If you are creating a 32bit Centos 5 create the following YUM config file instead:

[main]
cachedir=/var/cache/yum
keepcache=1
debuglevel=2
logfile=/var/log/yum.log
pkgpolicy=newest
distroverpkg=redhat-release
tolerant=1
exactarch=1
obsoletes=1
gpgcheck=1
plugins=1
metadata_expire=1800
 
[base]
name=CentOS-5 - Base
mirrorlist=http://mirrorlist.centos.org/?release=5&arch=i386&repo=os
#baseurl=http://mirror.centos.org/centos/5/os/i386/
gpgcheck=1
gpgkey=file:///etc/pki/rpm-gpg/RPM-GPG-KEY-CentOS-5
 
#released updates 
[updates]
name=CentOS-5 - Updates
mirrorlist=http://mirrorlist.centos.org/?release=5&arch=i386&repo=updates
#baseurl=http://mirror.centos.org/centos/5/updates/i386/
gpgcheck=1
gpgkey=file:///etc/pki/rpm-gpg/RPM-GPG-KEY-CentOS-5
 
#packages used/produced in the build but not released
[addons]
name=CentOS-5 - Addons
mirrorlist=http://mirrorlist.centos.org/?release=5&arch=i386&repo=addons
#baseurl=http://mirror.centos.org/centos/5/addons/i386/
gpgcheck=1
gpgkey=file:///etc/pki/rpm-gpg/RPM-GPG-KEY-CentOS-5
 
#additional packages that may be useful
[extras]
name=CentOS-5 - Extras
mirrorlist=http://mirrorlist.centos.org/?release=5&arch=i386&repo=extras
#baseurl=http://mirror.centos.org/centos/5/extras/i386/
gpgcheck=1
gpgkey=file:///etc/pki/rpm-gpg/RPM-GPG-KEY-CentOS-5
 
#additional packages that extend functionality of existing packages
[centosplus]
name=CentOS-5 - Plus
mirrorlist=http://mirrorlist.centos.org/?release=5&arch=i386&repo=centosplus
#baseurl=http://mirror.centos.org/centos/5/centosplus/i386/
gpgcheck=1
enabled=0
gpgkey=file:///etc/pki/rpm-gpg/RPM-GPG-KEY-CentOS-5
 
#contrib - packages by Centos Users
[contrib]
name=CentOS-5 - Contrib
mirrorlist=http://mirrorlist.centos.org/?release=5&arch=i386&repo=contrib
#baseurl=http://mirror.centos.org/centos/5/contrib/i386/
gpgcheck=1
enabled=0
gpgkey=file:///etc/pki/rpm-gpg/RPM-GPG-KEY-CentOS-5

Perform the operating system installation via yum, installing base OS.
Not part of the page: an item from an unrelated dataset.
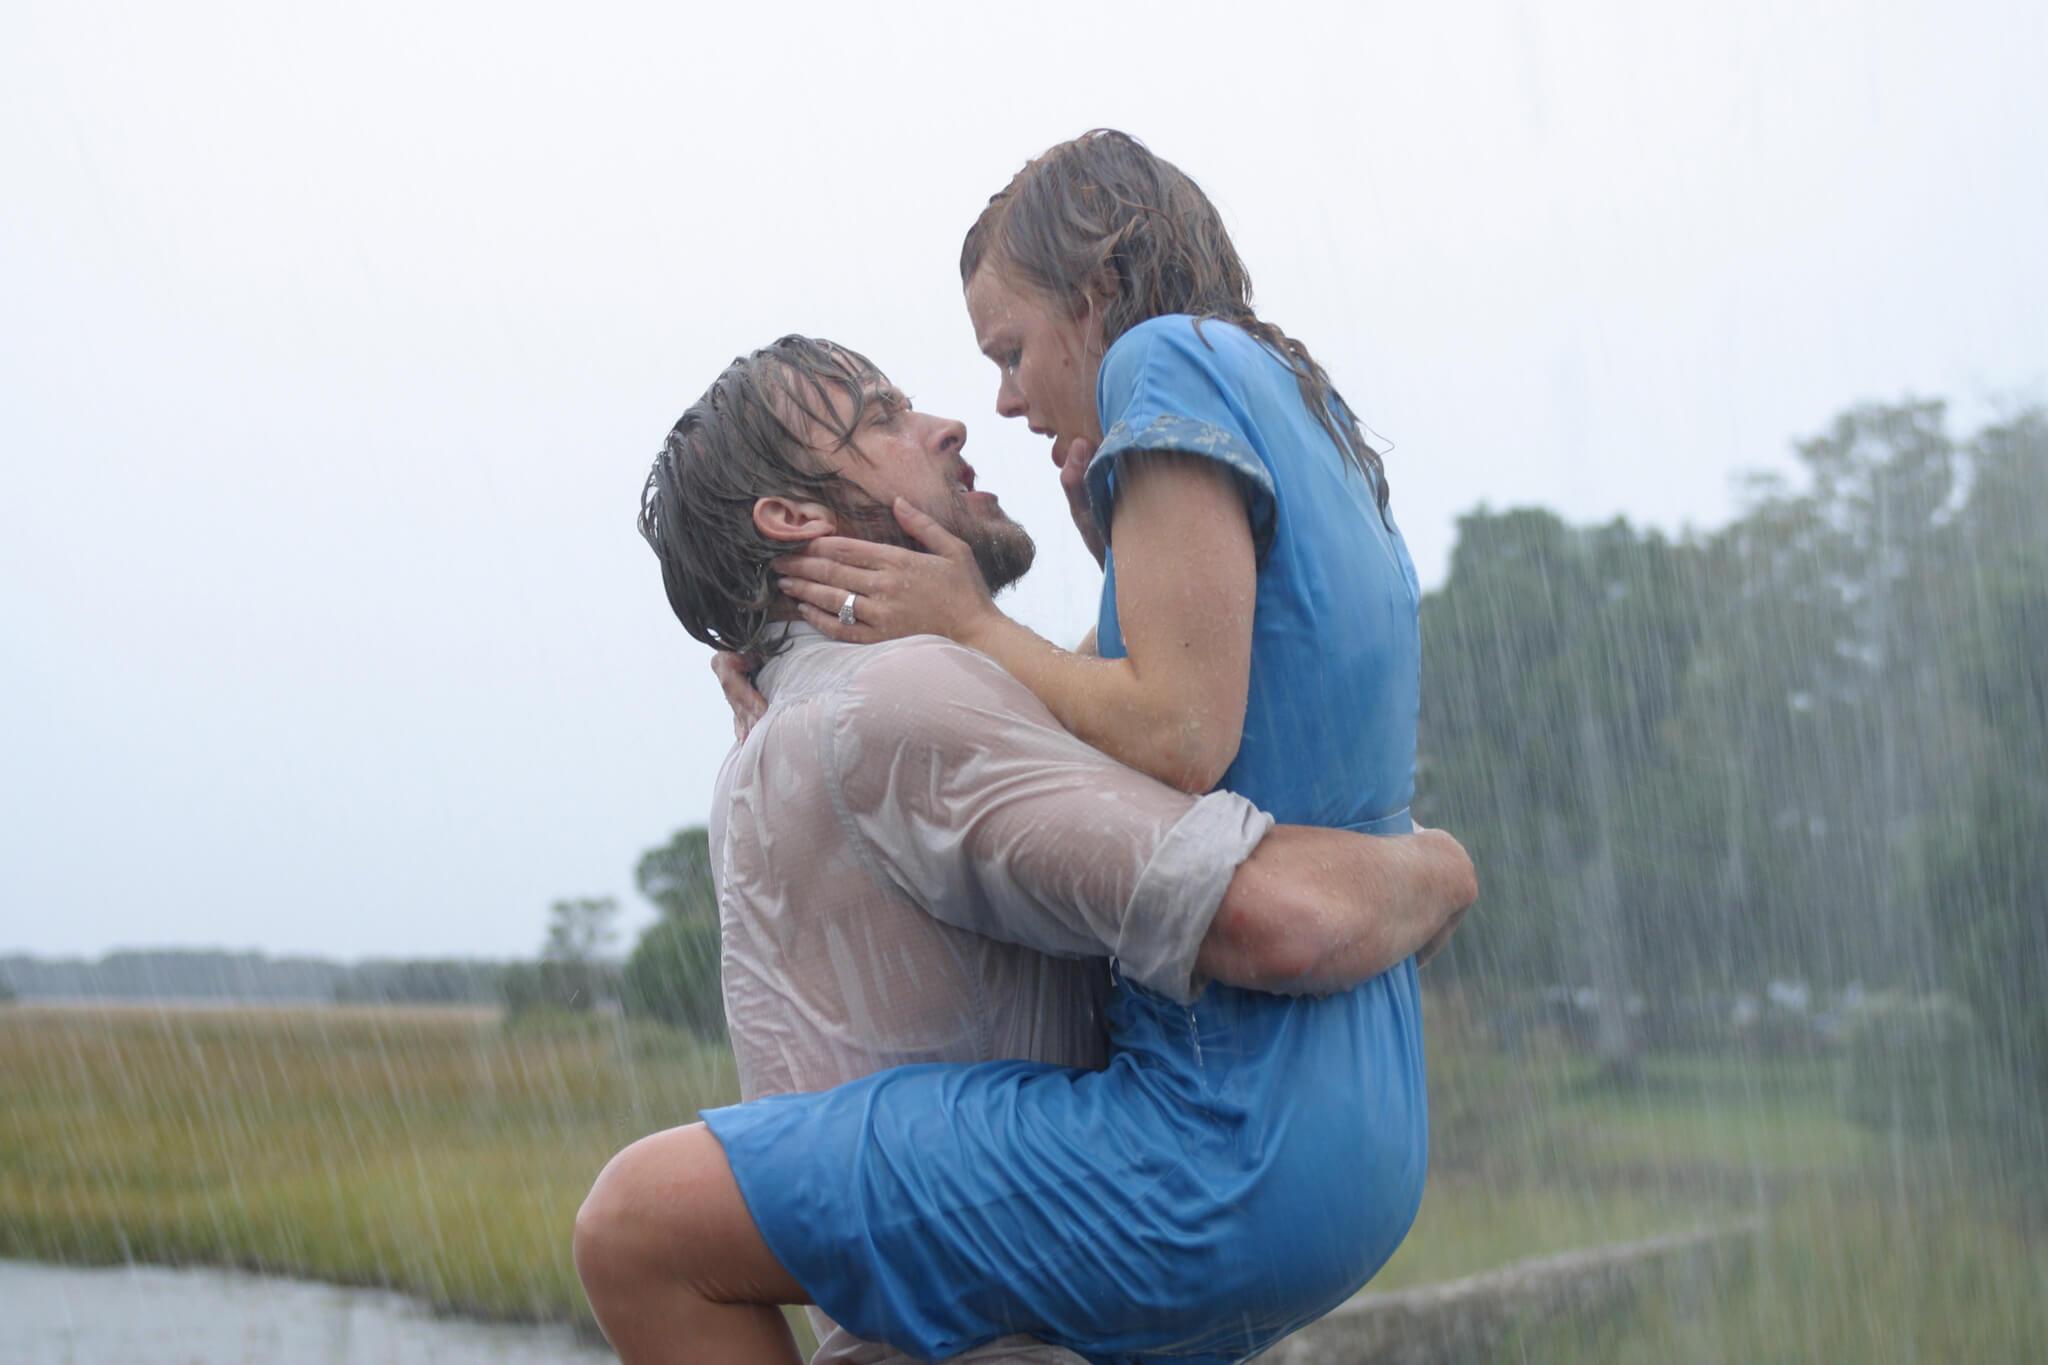 "The Notebook" (2004)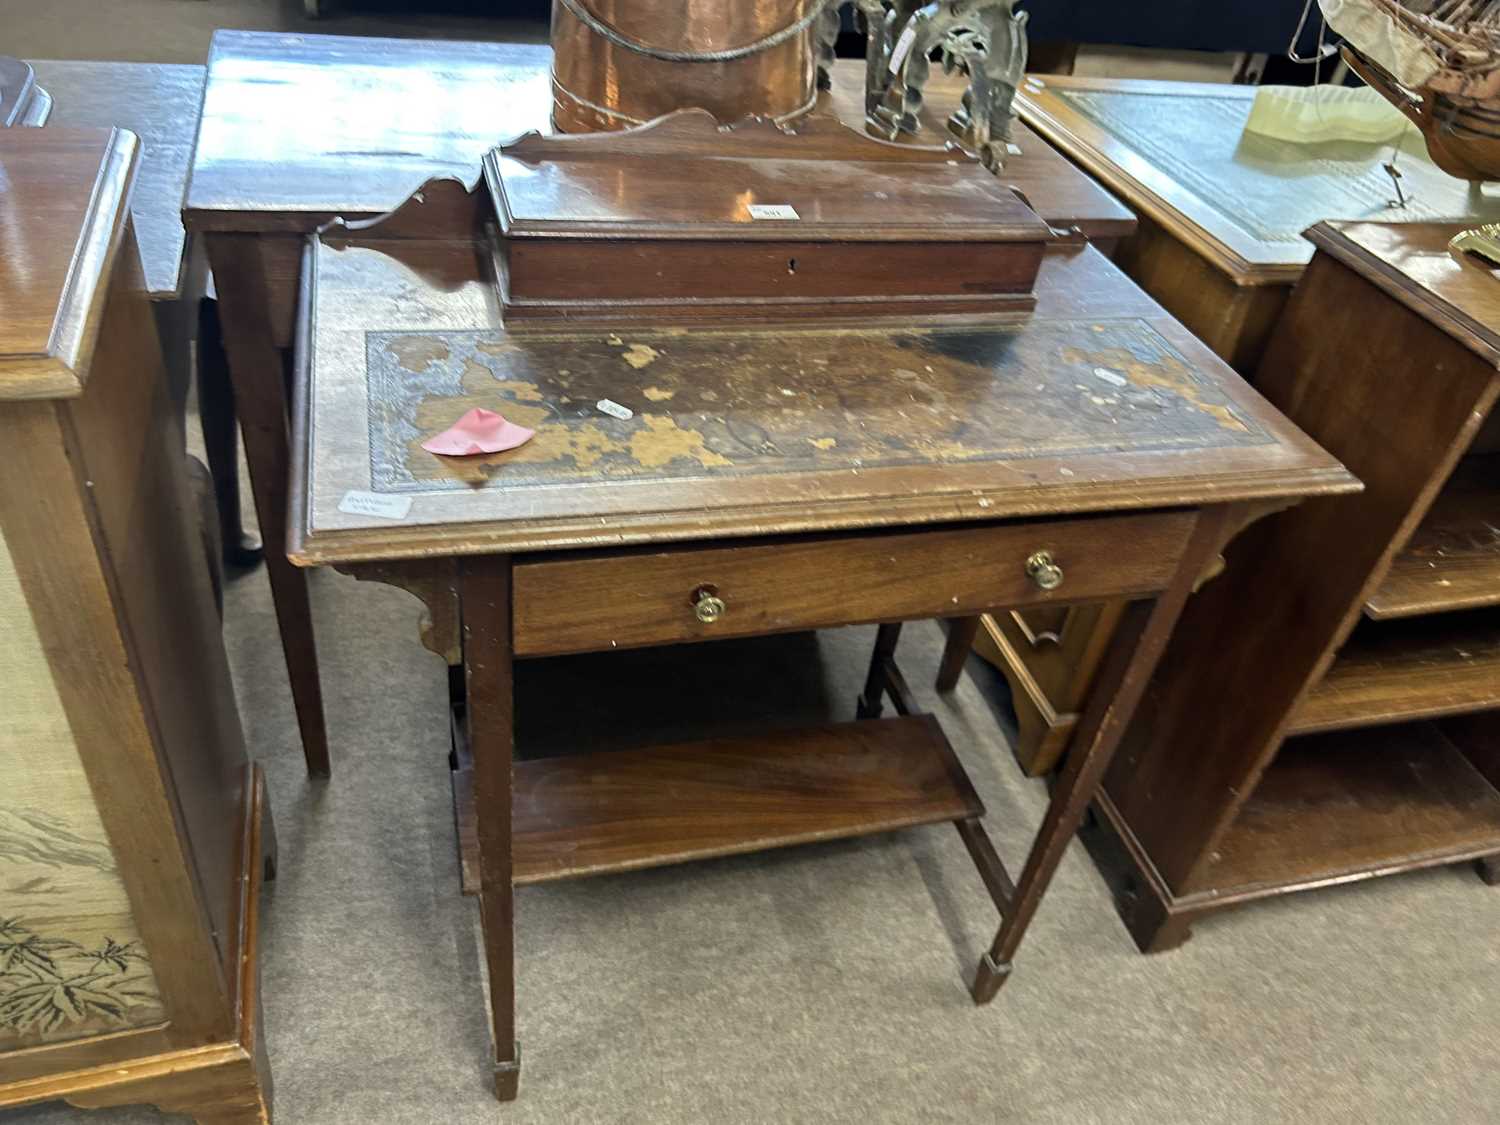 A small Edwardian writing table with a hinged storage compartment, worn leather writing surface

[root@server opt]$ cd /opt/EC2YUM
 
[root@server EC2YUM]$ yum -c yum-ami.conf --installroot=/mnt/ami-centos5.3-64bit-base -y groupinstall Base
 
[root@server EC2YUM]$ cp yum-ami.conf /mnt/ami-centos5.3-64bit-base/etc/yum.conf

Install openssh dependencies to allow you to connect via SSH

[root@server EC2YUM]$ yum -c /opt/EC2YUM/yum-ami.conf --installroot=/mnt/ami-centos5.3-64bit-base install *openssh*
[root@server EC2YUM]$ /usr/sbin/chroot /mnt/ami-centos5.3-64bit-base /sbin/chkconfig sshd --add
[root@server EC2YUM]$ /usr/sbin/chroot /mnt/ami-centos5.3-64bit-base /sbin/chkconfig --level 12345 sshd on

Install precompiled modules supplied by Amazon, since the kernel modules installed by yum are not appropriate for the EC2 environment.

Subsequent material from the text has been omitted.